(Problem description): Where a line contains the word "google", copy that line from the records below.

(Stored items)
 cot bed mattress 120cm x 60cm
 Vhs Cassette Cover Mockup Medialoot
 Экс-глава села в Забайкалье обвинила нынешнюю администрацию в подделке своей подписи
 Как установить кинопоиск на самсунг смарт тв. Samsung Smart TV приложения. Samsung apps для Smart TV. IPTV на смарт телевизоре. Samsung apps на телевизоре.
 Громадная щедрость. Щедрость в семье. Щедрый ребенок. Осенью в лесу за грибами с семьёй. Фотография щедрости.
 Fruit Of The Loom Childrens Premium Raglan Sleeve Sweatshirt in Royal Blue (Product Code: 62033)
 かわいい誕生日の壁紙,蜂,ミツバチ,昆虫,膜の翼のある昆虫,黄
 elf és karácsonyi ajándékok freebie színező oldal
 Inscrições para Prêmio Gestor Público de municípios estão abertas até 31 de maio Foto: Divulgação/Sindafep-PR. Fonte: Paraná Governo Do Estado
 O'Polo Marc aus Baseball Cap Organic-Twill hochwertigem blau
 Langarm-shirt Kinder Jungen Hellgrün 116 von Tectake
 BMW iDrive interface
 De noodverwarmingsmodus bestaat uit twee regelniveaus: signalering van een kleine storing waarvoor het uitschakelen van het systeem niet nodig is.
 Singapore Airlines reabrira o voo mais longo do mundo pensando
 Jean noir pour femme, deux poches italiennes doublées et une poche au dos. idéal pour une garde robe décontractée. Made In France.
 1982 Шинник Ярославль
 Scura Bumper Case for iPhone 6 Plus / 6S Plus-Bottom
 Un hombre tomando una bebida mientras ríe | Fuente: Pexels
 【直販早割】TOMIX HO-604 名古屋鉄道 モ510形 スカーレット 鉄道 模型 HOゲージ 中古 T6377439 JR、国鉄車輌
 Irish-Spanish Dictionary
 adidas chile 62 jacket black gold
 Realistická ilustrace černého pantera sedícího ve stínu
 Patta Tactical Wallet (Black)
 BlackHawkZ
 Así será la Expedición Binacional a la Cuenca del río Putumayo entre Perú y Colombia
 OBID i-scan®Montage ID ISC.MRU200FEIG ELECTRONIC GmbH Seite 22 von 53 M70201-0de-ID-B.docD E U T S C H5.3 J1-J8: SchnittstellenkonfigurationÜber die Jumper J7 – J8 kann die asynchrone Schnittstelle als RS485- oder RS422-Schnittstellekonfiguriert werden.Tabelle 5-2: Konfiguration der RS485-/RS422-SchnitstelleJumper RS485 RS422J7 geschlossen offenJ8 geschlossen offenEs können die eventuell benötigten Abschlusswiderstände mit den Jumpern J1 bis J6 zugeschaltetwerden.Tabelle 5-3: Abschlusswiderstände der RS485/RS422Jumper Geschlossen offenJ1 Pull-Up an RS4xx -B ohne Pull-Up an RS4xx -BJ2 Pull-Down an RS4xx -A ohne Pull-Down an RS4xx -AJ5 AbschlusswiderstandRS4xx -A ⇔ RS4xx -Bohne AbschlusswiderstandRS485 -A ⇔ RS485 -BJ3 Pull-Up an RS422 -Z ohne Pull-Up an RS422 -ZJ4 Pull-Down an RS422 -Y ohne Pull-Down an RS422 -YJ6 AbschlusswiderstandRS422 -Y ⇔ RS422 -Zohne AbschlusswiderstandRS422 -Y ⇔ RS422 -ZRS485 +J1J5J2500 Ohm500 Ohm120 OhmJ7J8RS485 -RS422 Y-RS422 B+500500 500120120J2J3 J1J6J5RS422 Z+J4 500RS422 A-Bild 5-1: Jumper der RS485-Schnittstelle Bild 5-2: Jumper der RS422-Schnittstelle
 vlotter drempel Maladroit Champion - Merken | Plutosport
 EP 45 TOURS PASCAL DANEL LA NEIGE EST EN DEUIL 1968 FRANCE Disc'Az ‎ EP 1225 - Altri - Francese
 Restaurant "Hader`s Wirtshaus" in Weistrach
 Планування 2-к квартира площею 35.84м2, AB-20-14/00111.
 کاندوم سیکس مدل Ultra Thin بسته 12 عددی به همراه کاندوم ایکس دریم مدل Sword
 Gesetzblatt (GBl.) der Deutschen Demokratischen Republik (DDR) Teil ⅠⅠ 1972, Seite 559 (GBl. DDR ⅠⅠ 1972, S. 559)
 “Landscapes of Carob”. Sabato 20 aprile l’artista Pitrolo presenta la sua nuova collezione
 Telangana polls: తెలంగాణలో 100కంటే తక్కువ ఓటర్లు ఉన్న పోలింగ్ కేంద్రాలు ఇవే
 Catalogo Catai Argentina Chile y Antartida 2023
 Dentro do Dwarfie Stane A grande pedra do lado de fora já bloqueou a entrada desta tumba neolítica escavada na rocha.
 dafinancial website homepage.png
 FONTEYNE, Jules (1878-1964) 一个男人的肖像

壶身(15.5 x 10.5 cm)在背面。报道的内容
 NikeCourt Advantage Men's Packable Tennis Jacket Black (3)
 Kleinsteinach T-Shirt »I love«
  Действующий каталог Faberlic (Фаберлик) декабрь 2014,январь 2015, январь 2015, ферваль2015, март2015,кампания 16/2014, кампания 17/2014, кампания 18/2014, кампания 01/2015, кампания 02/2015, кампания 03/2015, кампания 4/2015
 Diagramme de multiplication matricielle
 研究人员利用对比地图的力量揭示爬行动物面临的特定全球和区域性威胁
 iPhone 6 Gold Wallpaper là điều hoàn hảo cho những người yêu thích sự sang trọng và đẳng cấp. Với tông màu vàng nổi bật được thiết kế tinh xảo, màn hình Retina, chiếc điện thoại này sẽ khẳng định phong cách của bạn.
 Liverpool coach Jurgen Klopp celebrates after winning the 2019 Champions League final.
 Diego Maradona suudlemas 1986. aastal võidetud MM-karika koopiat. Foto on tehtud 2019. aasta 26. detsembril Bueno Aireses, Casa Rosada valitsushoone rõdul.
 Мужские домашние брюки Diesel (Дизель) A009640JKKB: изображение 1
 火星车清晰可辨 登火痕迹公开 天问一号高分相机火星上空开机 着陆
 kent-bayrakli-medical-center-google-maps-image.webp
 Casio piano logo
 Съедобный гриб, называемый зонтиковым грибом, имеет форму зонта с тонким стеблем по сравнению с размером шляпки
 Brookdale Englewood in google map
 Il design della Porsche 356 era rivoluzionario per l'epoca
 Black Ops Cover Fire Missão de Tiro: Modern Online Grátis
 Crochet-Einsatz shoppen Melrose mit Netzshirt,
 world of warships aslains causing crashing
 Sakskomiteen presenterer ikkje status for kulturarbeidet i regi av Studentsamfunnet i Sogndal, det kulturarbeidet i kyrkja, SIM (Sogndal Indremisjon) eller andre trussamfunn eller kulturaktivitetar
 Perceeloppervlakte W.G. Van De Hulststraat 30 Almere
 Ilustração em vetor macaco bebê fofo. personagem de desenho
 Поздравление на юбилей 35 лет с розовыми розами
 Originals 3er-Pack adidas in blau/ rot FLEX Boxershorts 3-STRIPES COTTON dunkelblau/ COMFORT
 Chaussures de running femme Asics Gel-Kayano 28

(Task answer):
 kent-bayrakli-medical-center-google-maps-image.webp
 Brookdale Englewood in google map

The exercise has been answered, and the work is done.